(Dataset content):
+++++

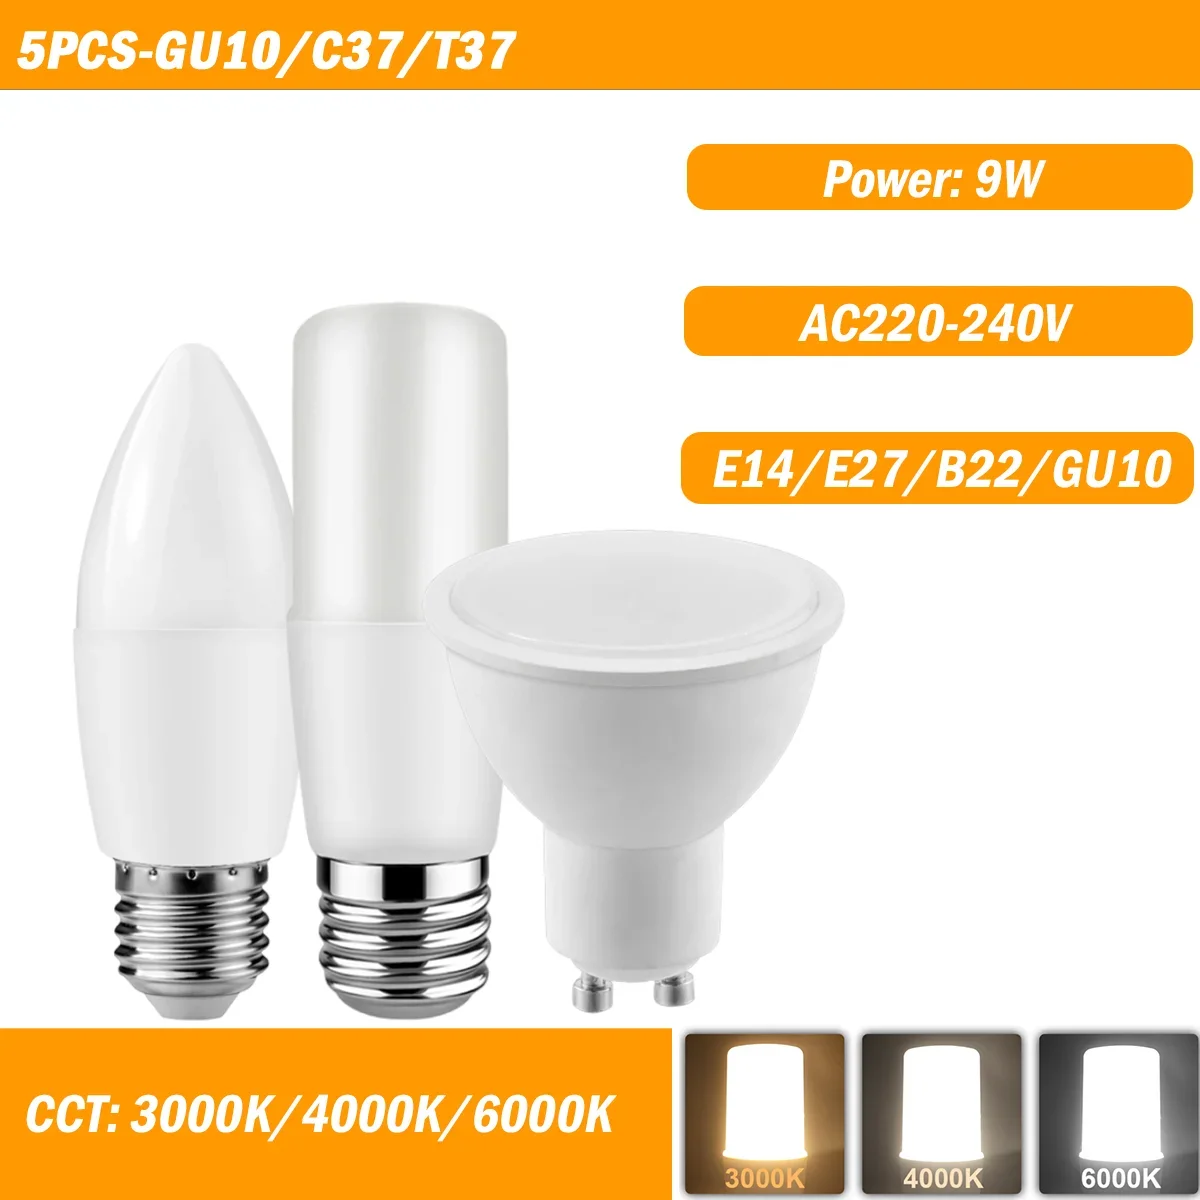 

C37/T37/GU10 5PCS 9W AC220-240V E14/E27/B22/GU10 High Lumen No Flicker 3000K/4000K/6000K Light for Home/Office Lighting
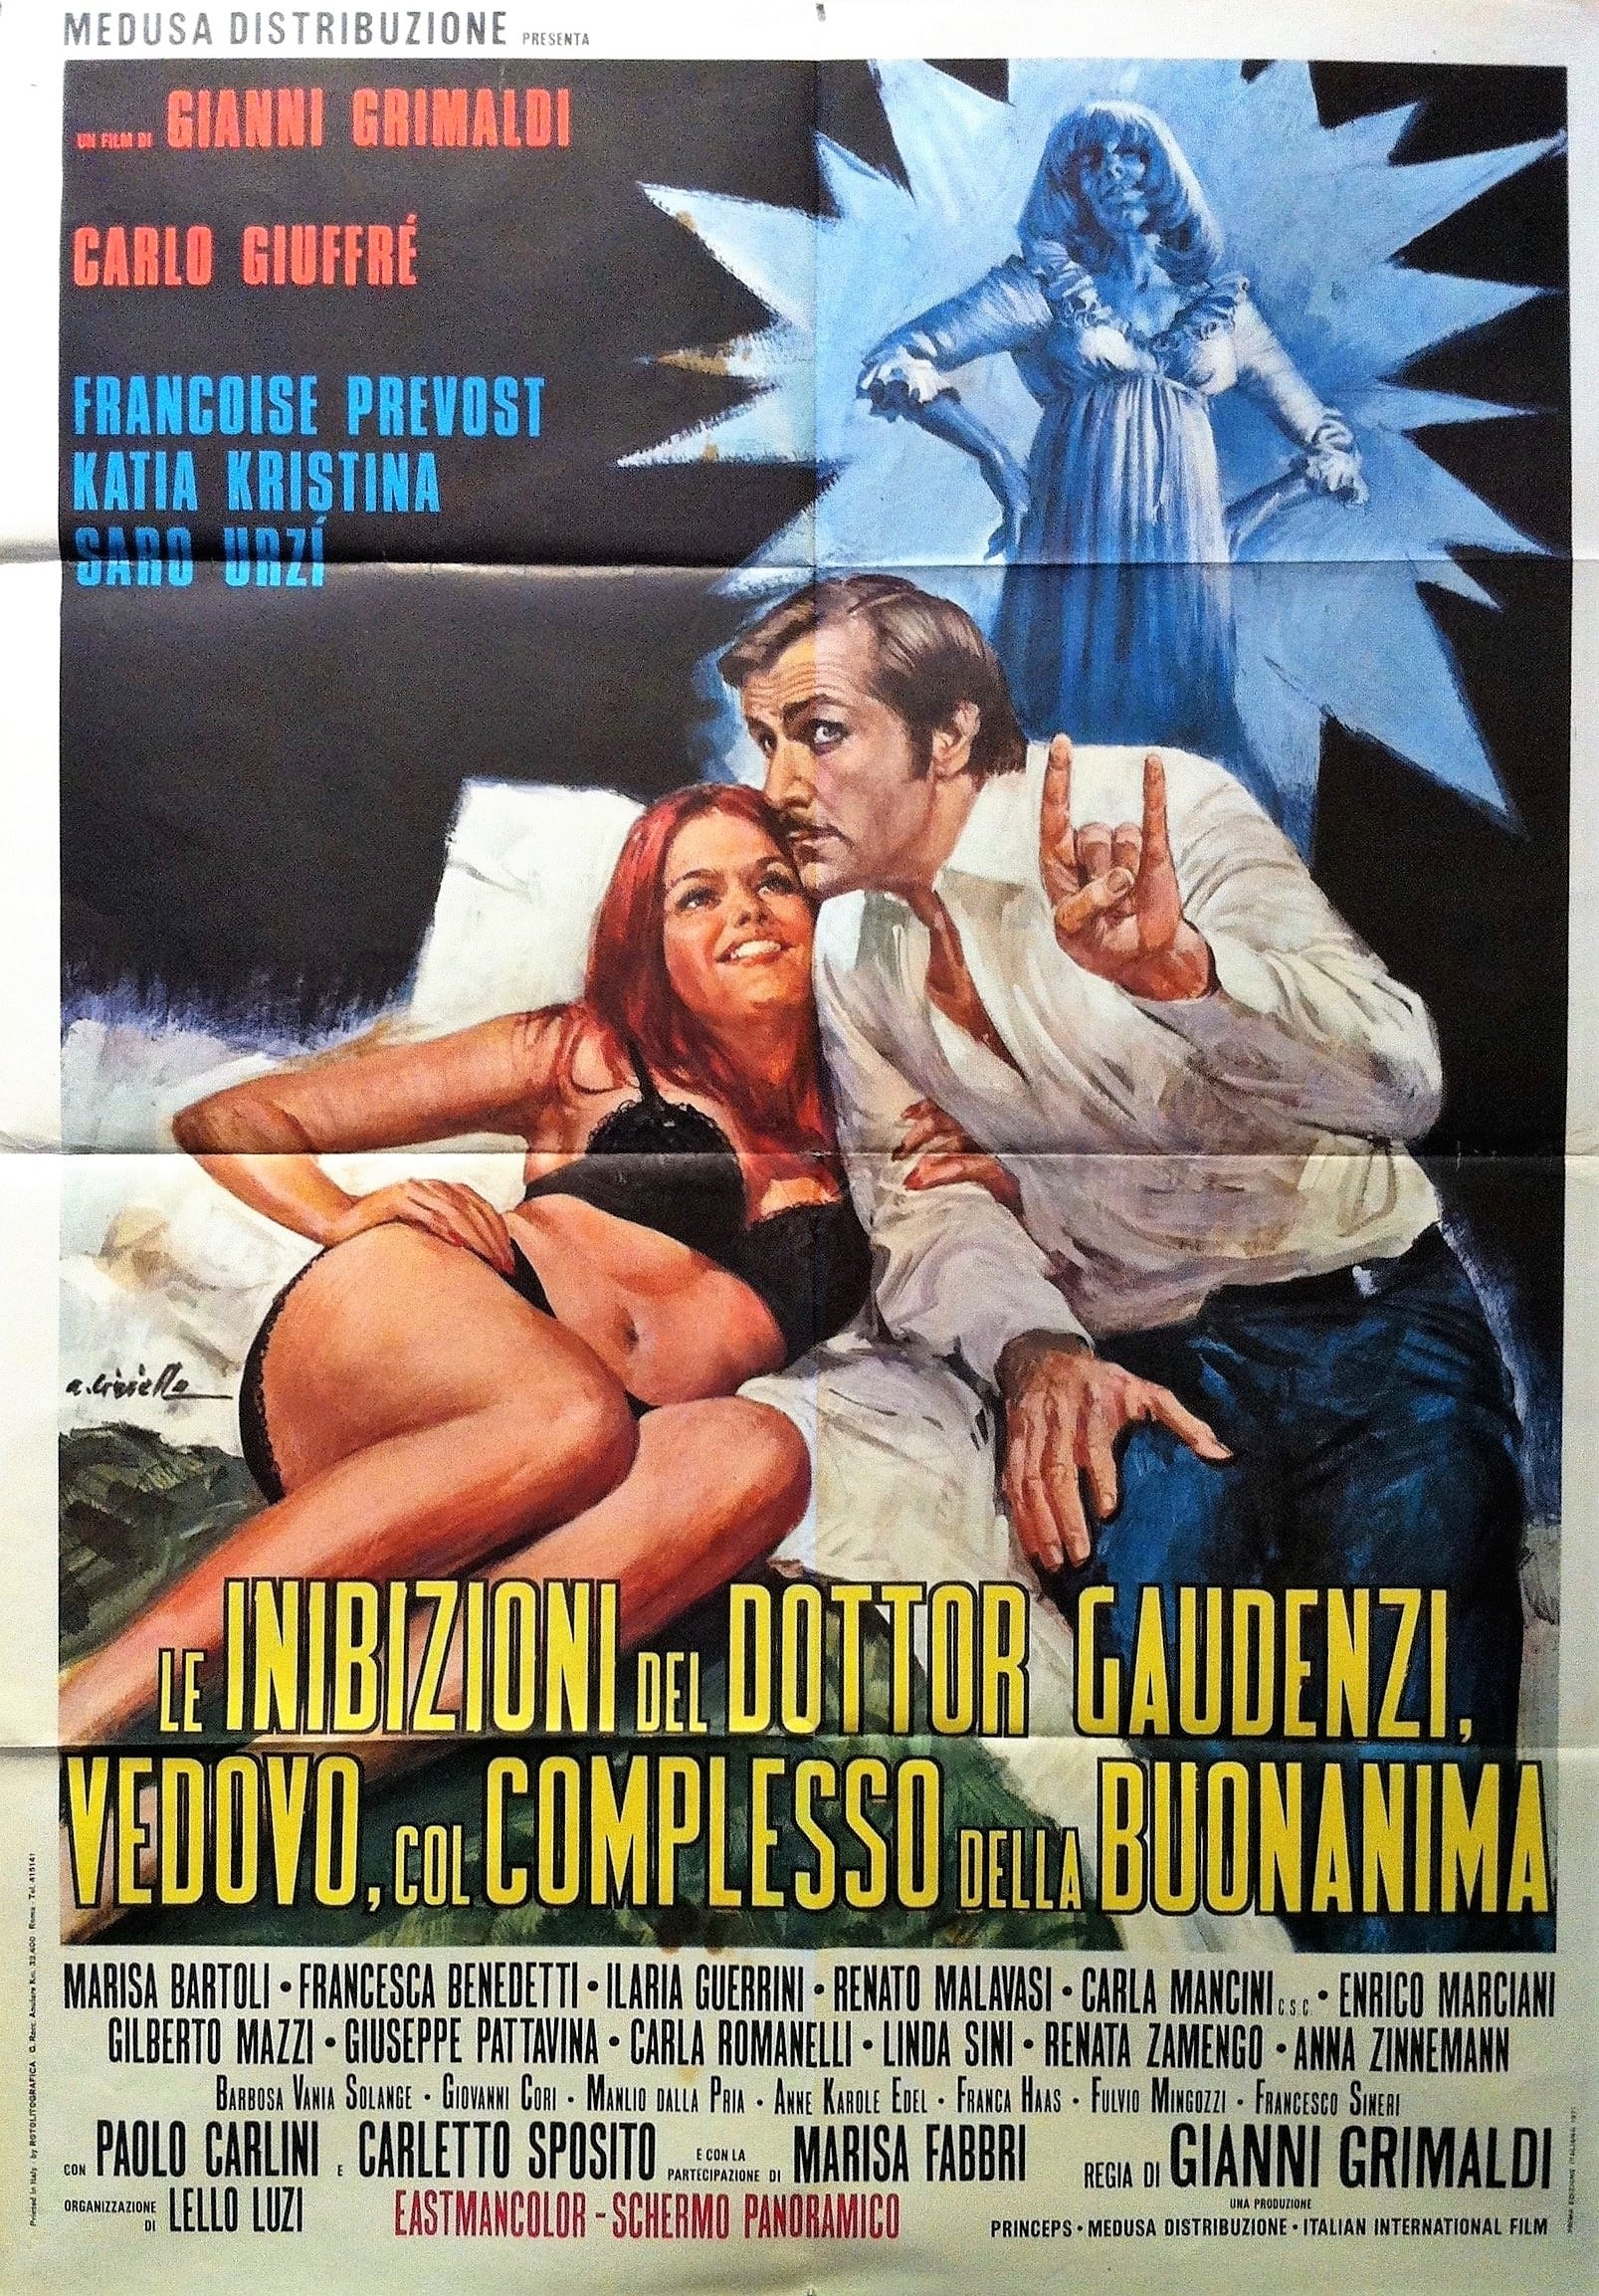 Le inibizioni del dottor Gaudenzi, vedovo col complesso della buonanima (1971)
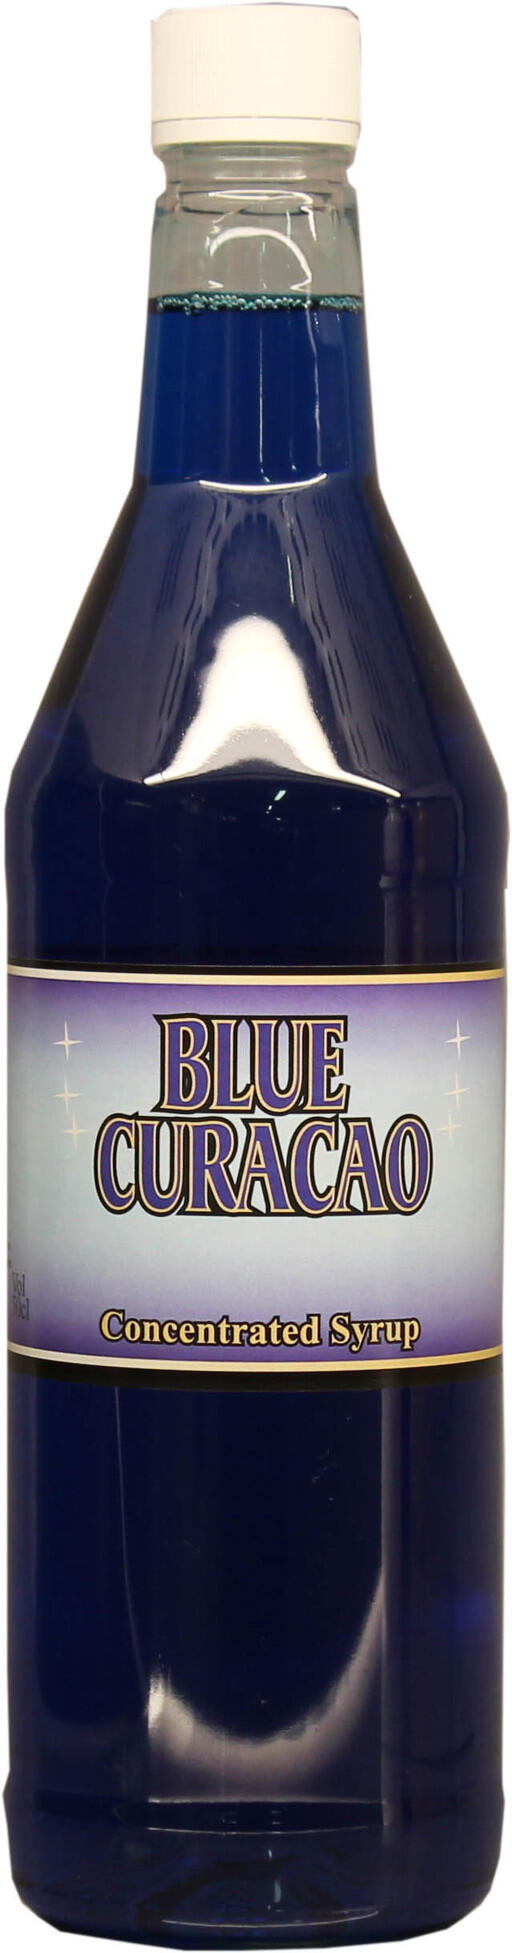 Ge drinkarna en blå touch och god smak med Blue Curacao sirap (syrup).
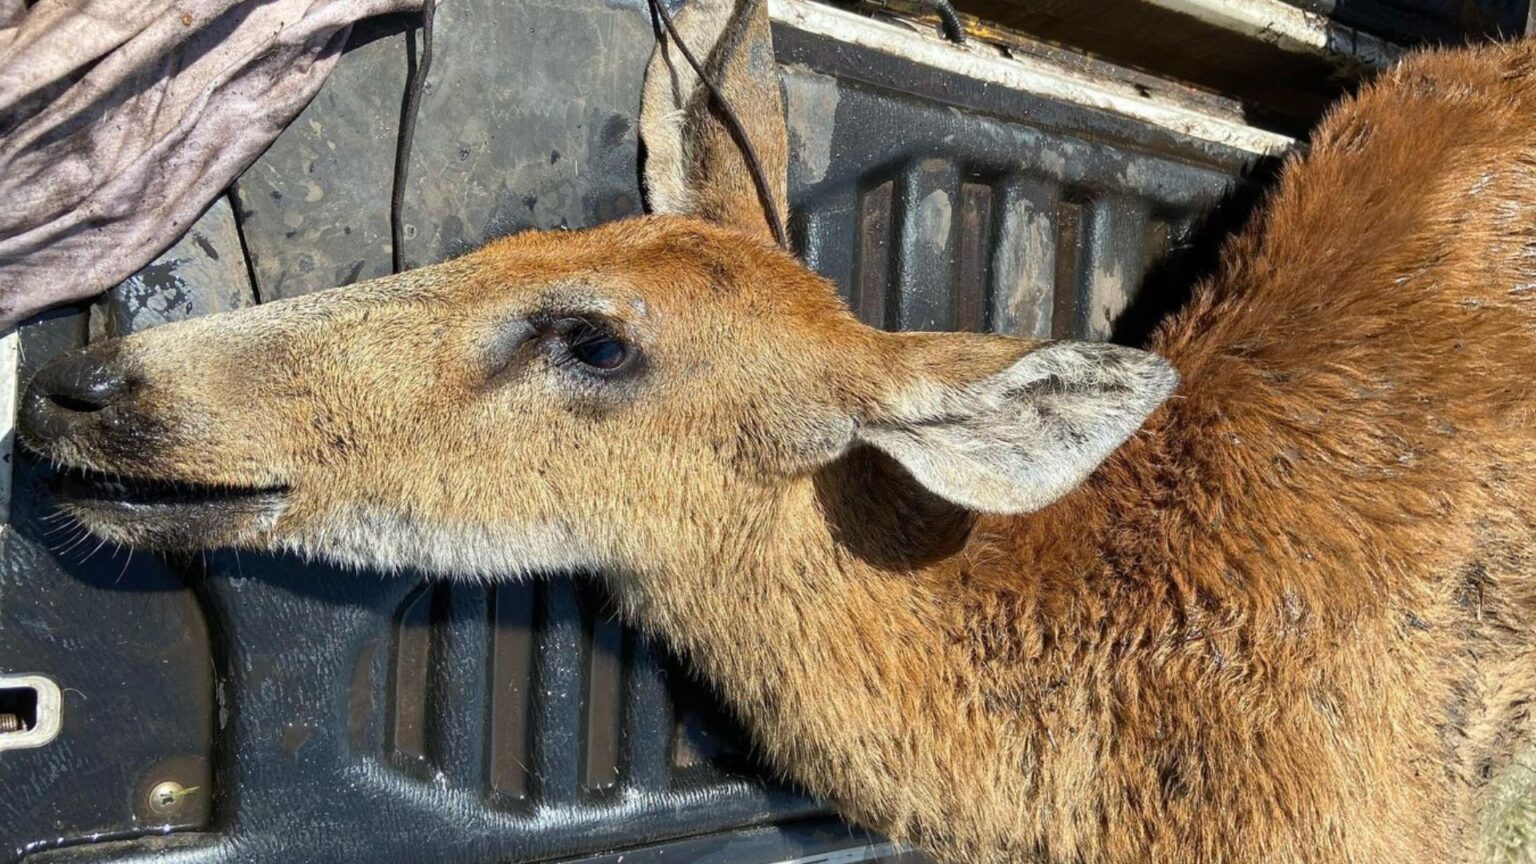 “Por favor dejen de prender fuego”: Las estremecedoras imagenes de un ciervo agonizante que no resistió a los incendios en los Esteros del Iberá

+++++

(Description of the task):
Transcribe the full listing exactly, but keep every image out of it.

(Exercise response):
C37/T37/GU10 5PCS 9W AC220-240V E14/E27/B22/GU10 High Lumen No Flicker 3000K/4000K/6000K Light for Home/Office Lighting
 Le inibizioni del dottor Gaudenzi, vedovo col complesso della buonanima (1971)
 Ge drinkarna en blå touch och god smak med Blue Curacao sirap (syrup).
 “Por favor dejen de prender fuego”: Las estremecedoras imagenes de un ciervo agonizante que no resistió a los incendios en los Esteros del Iberá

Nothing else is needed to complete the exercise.